-- REQUIRED WORK --
Would you transcribe the entries below, beginning at the line with "imagens para photoshop" and ending after the line with "Myprotein Energie Elite, 50g - Orange", exactly, with no picture and nothing more?
─── THE INPUT ───
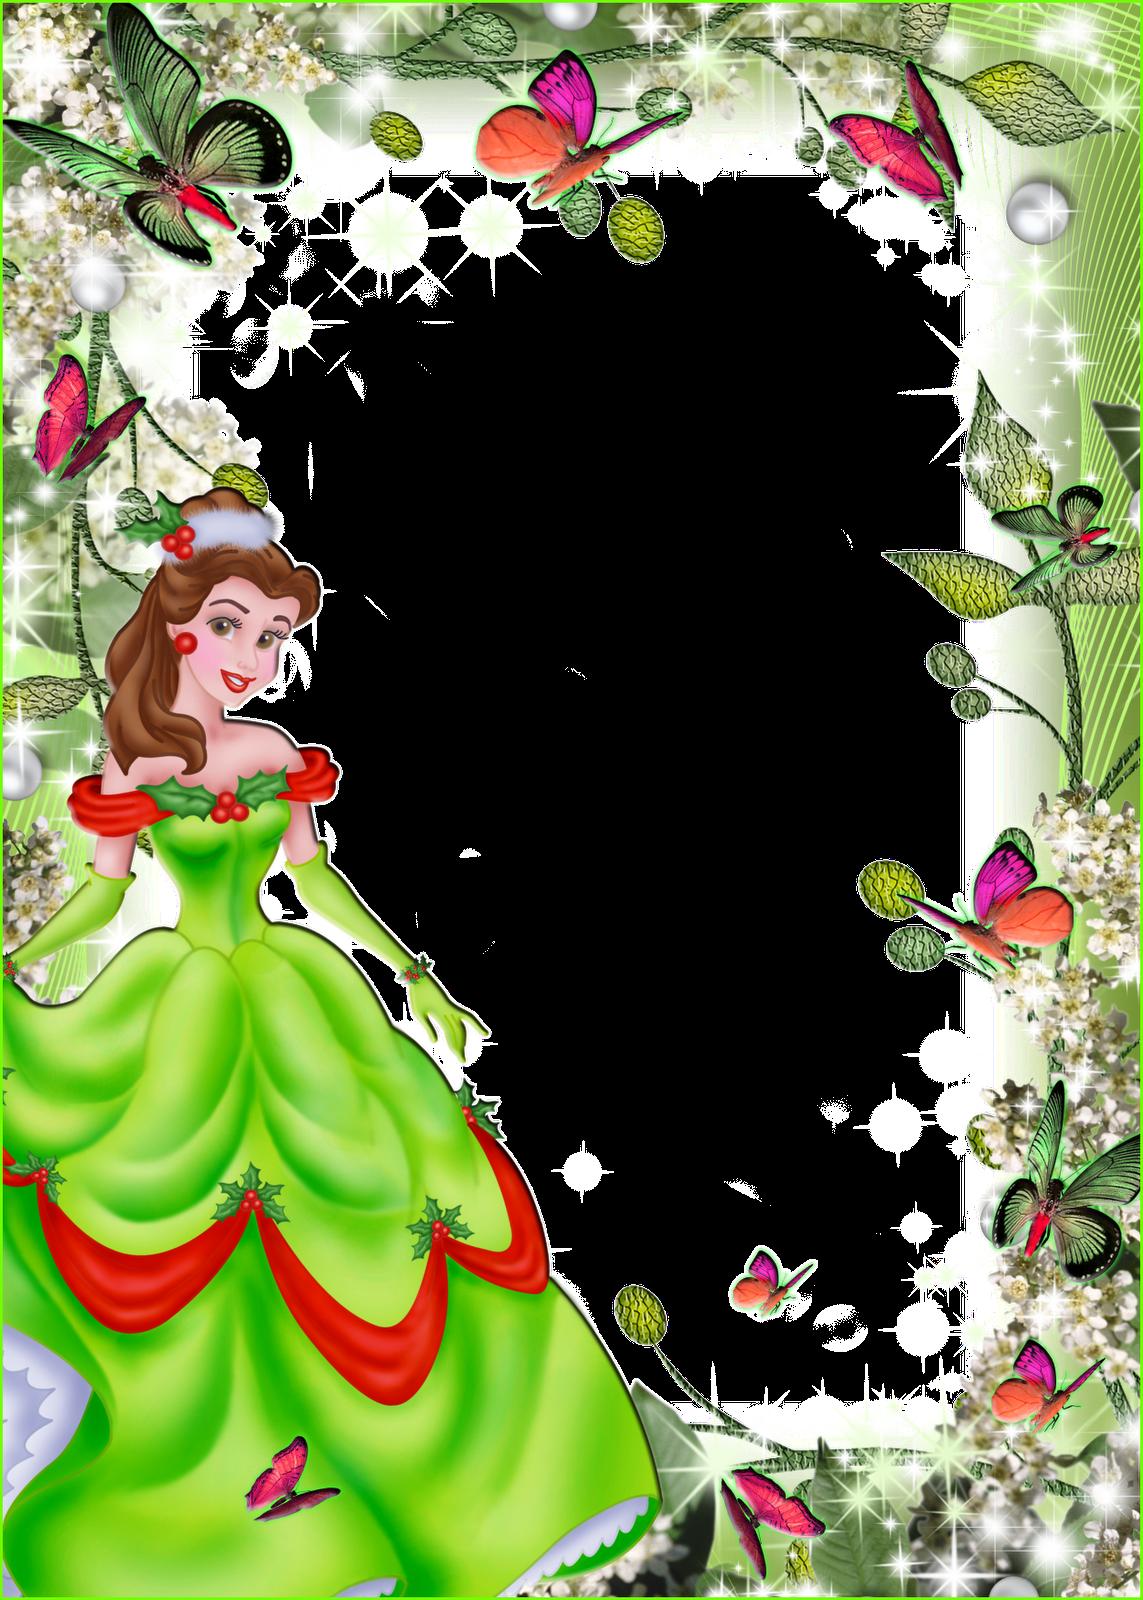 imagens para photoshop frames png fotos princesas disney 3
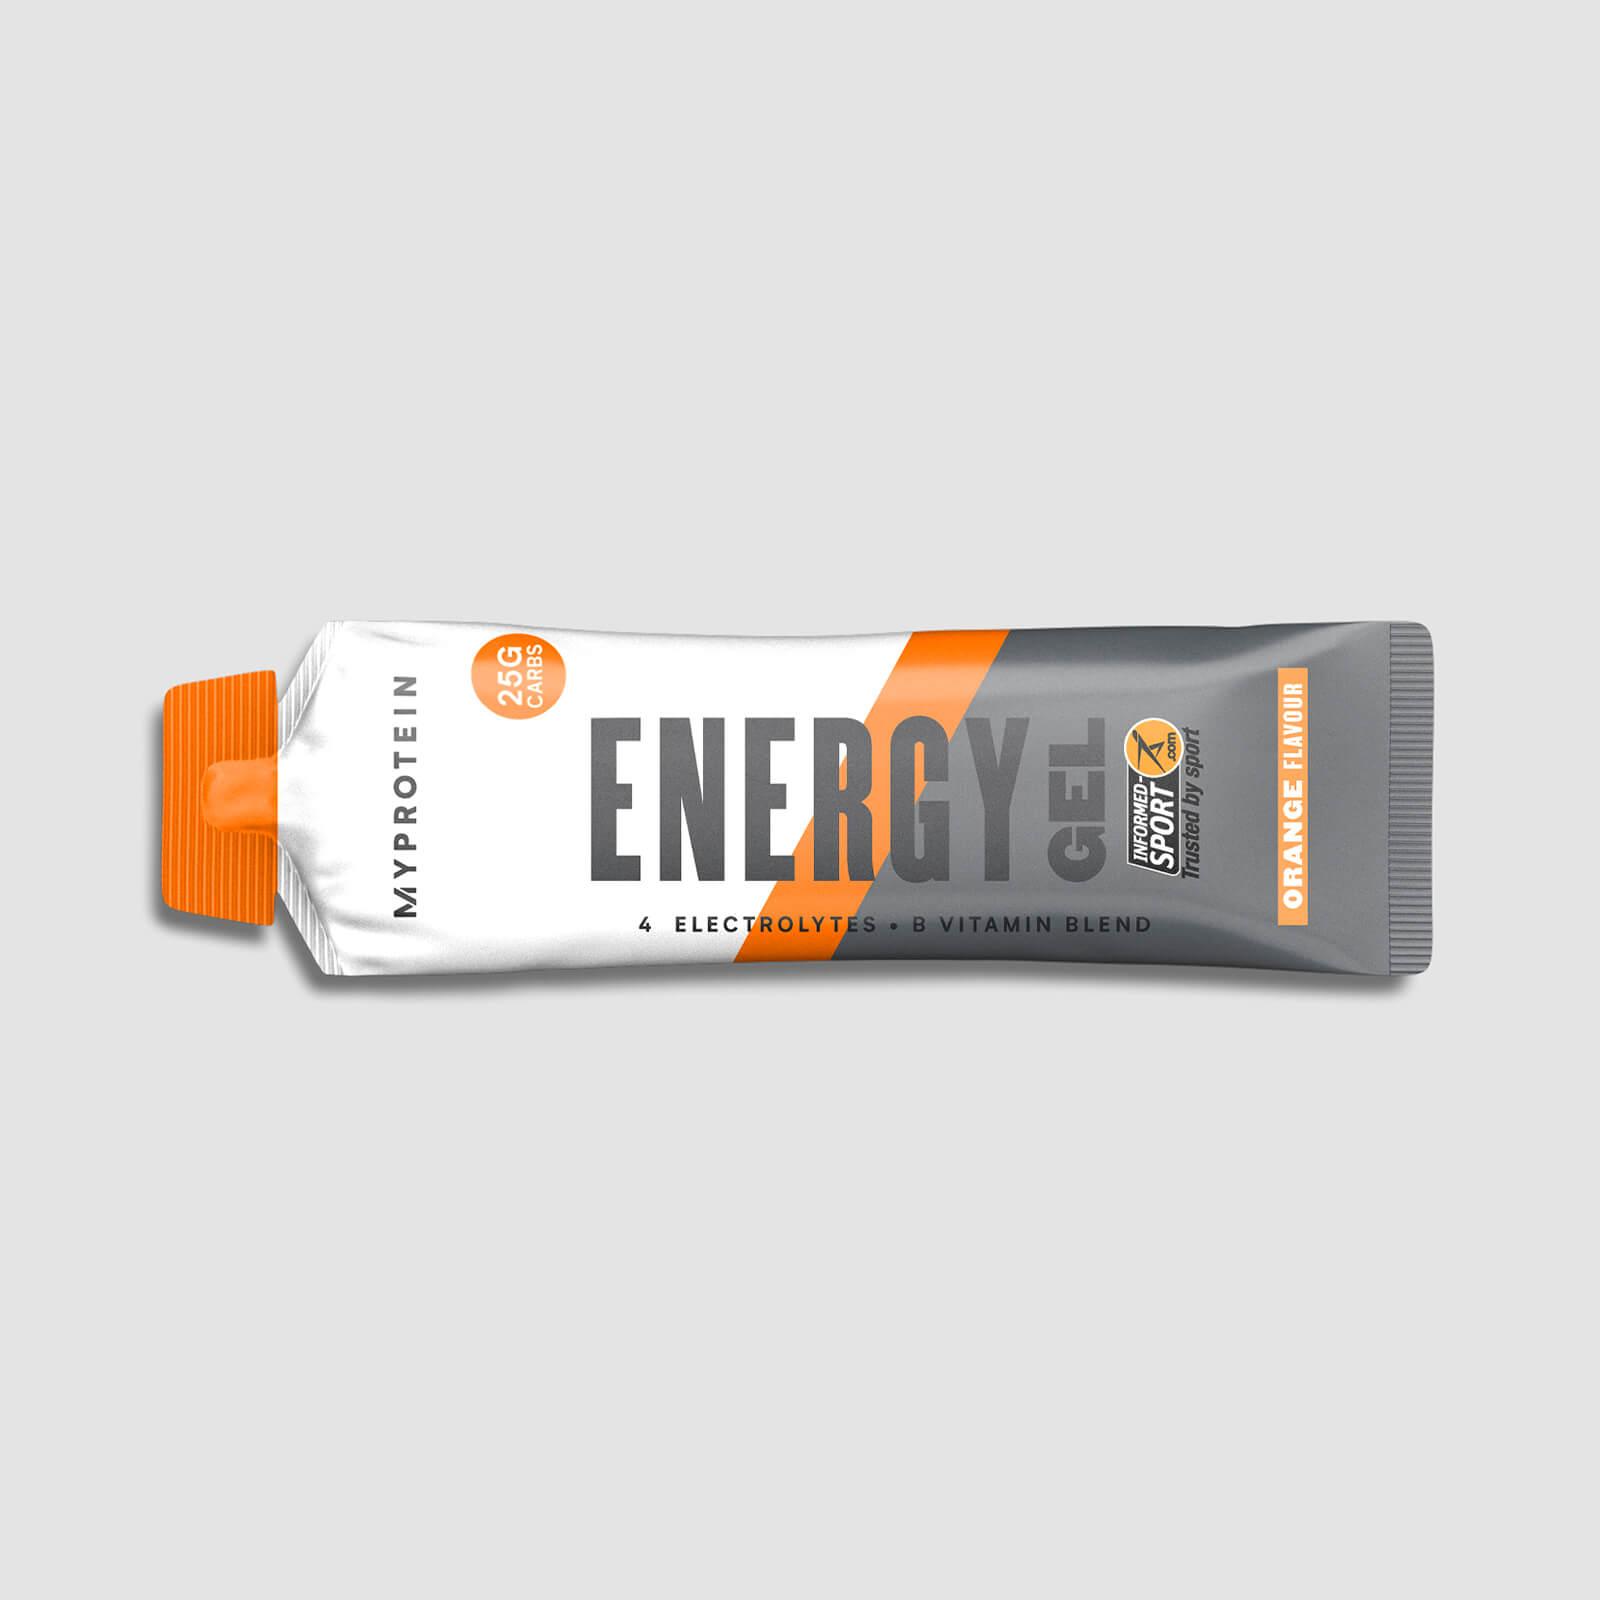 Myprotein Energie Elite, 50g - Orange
───
─── THE INPUT ───
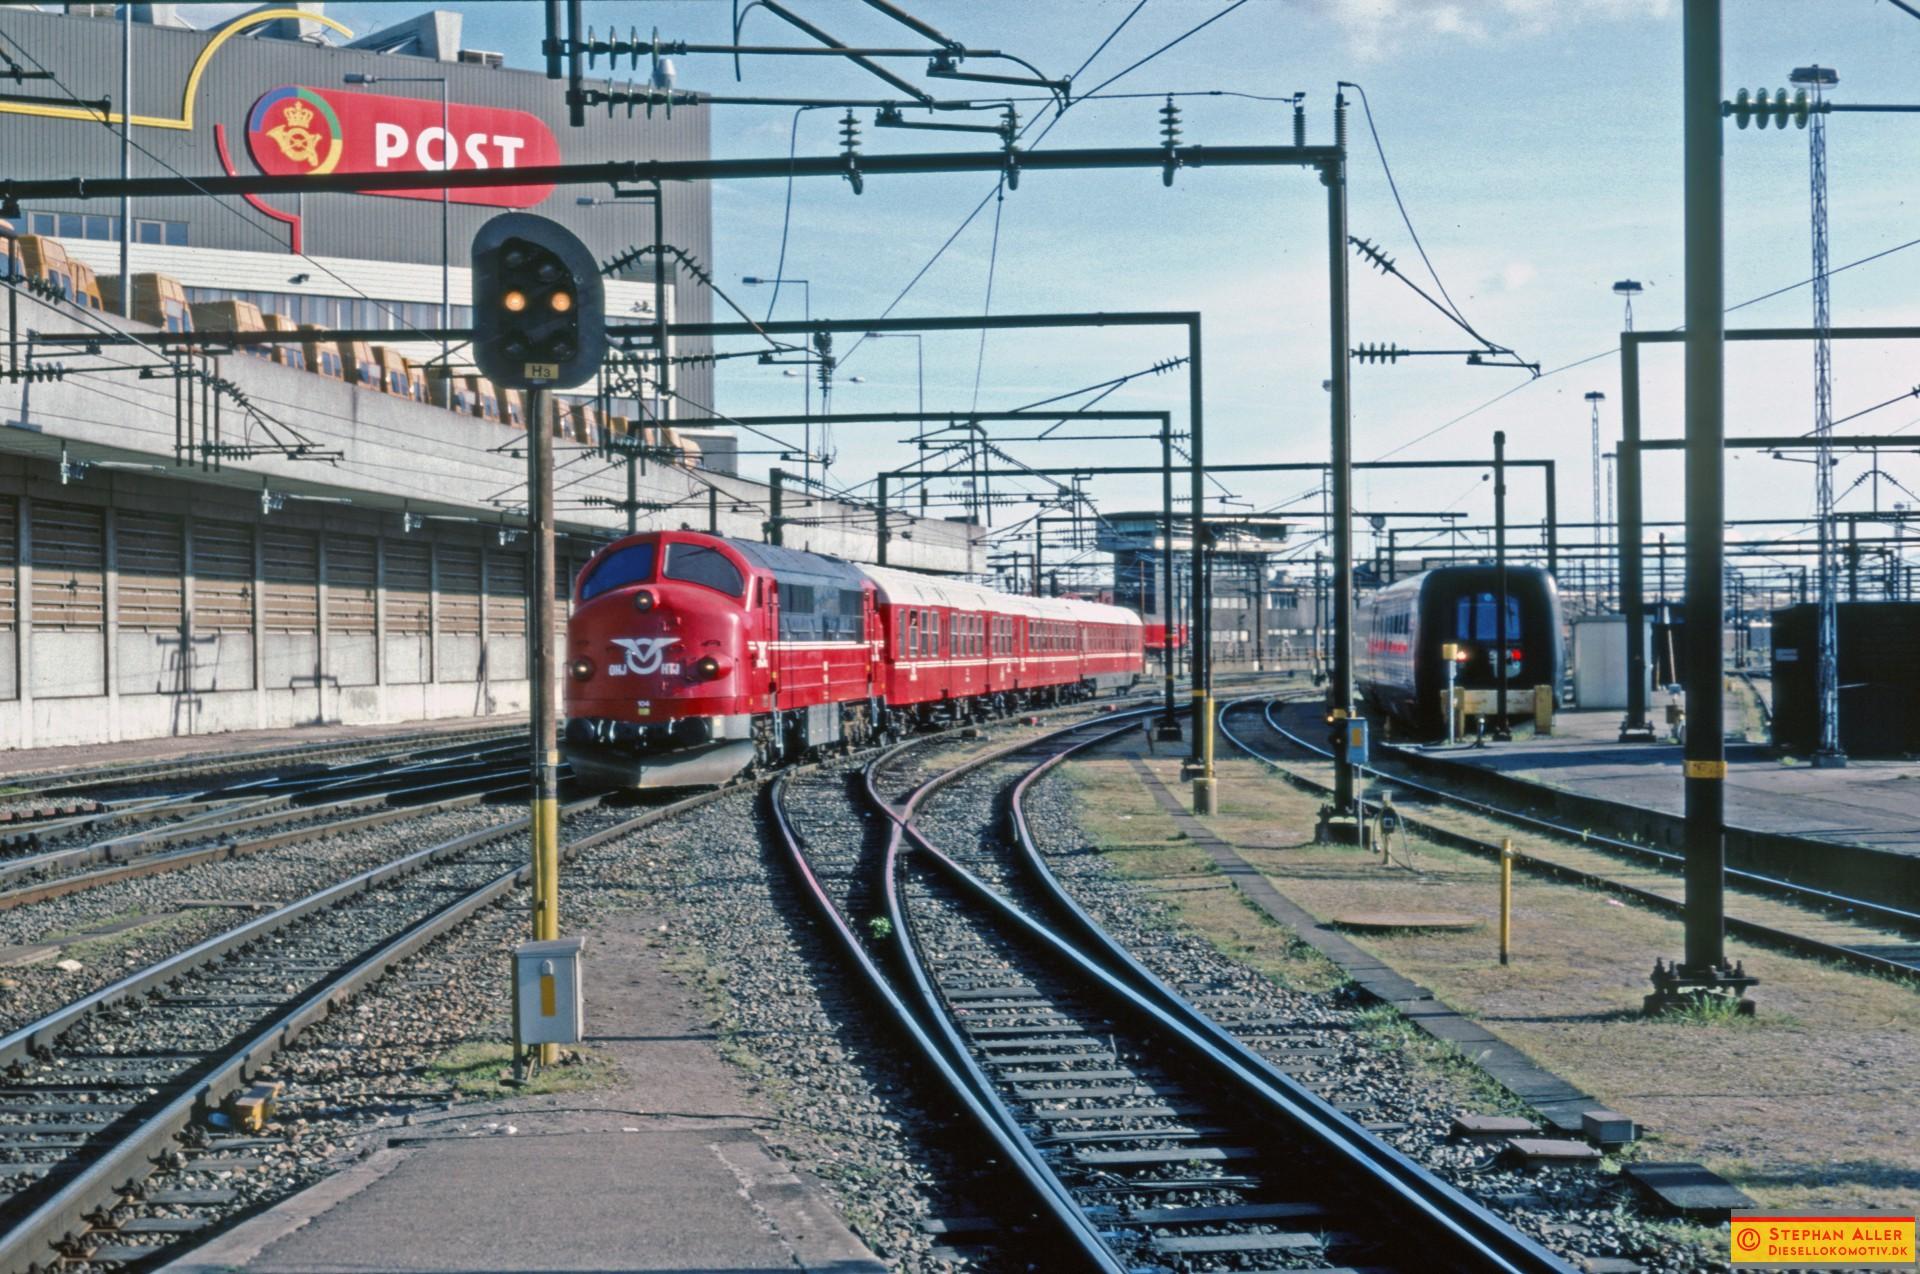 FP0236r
───
-- EXPECTED ANSWER --
 imagens para photoshop frames png fotos princesas disney 3
 Myprotein Energie Elite, 50g - Orange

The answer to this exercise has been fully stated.